What you have to do:
In the records below, find the line that contains "布达佩斯英雄广场的那些英雄们_图1-3" and the line that contains "Stiliga Guy Takes"; write out exactly those two lines and everything between them, without the pictures.

Data under study:
---*---
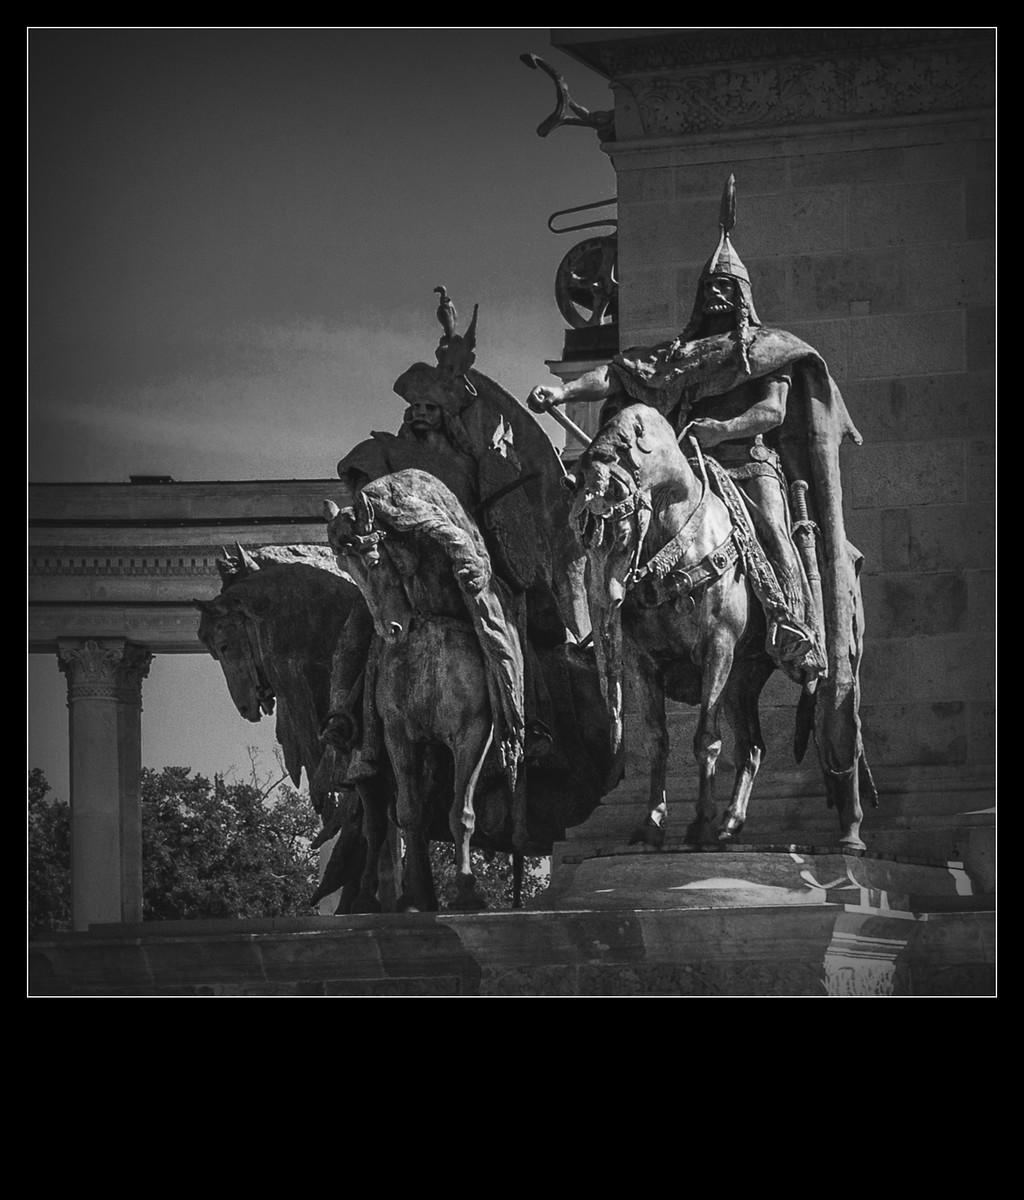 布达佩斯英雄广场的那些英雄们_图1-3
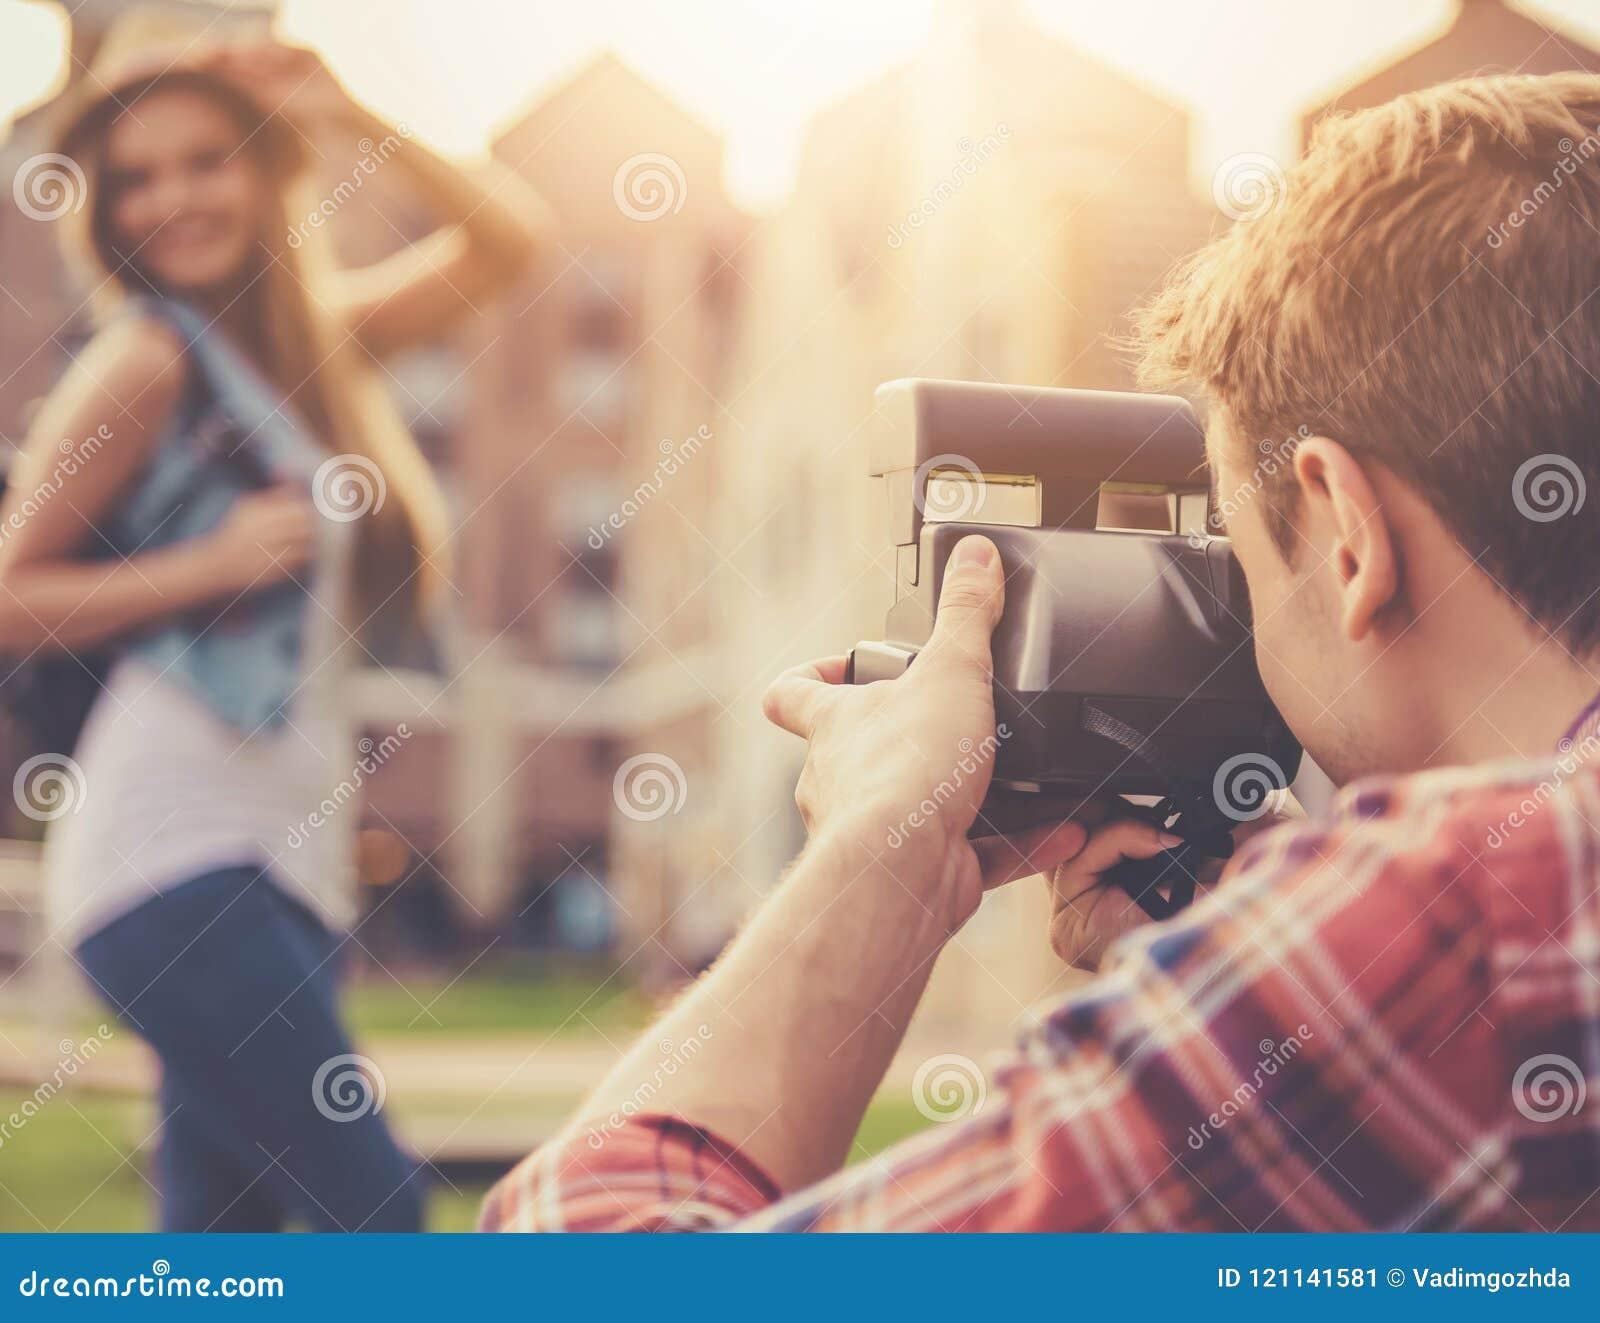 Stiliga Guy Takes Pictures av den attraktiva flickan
---*---
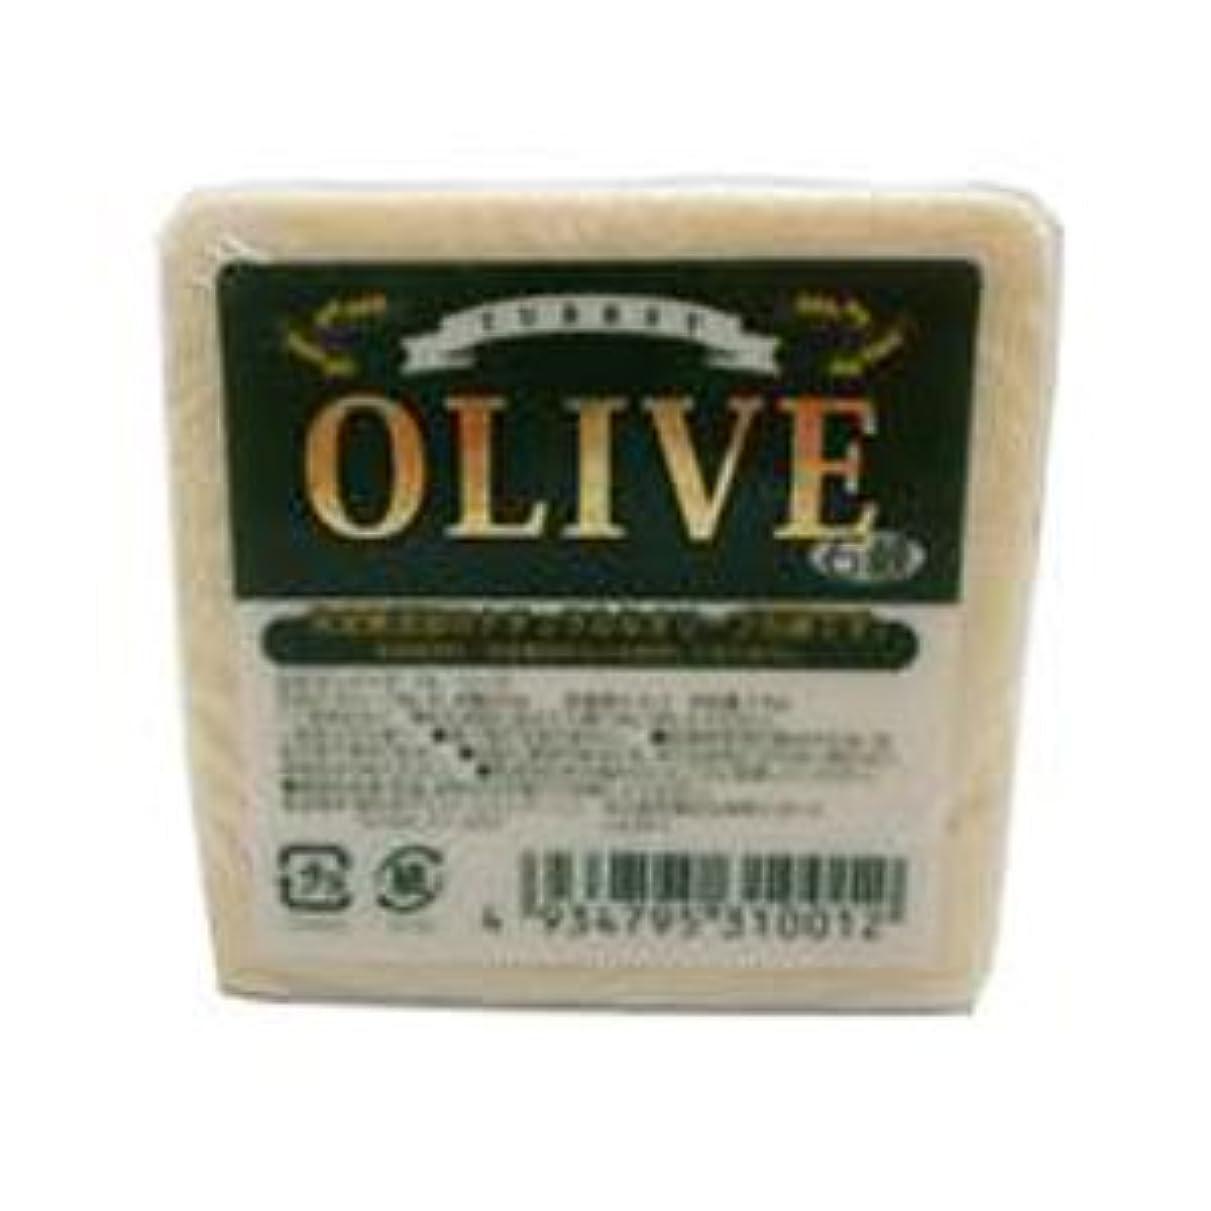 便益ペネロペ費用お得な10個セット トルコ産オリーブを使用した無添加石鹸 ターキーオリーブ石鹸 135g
---*---
Output below:
 布达佩斯英雄广场的那些英雄们_图1-3
 Stiliga Guy Takes Pictures av den attraktiva flickan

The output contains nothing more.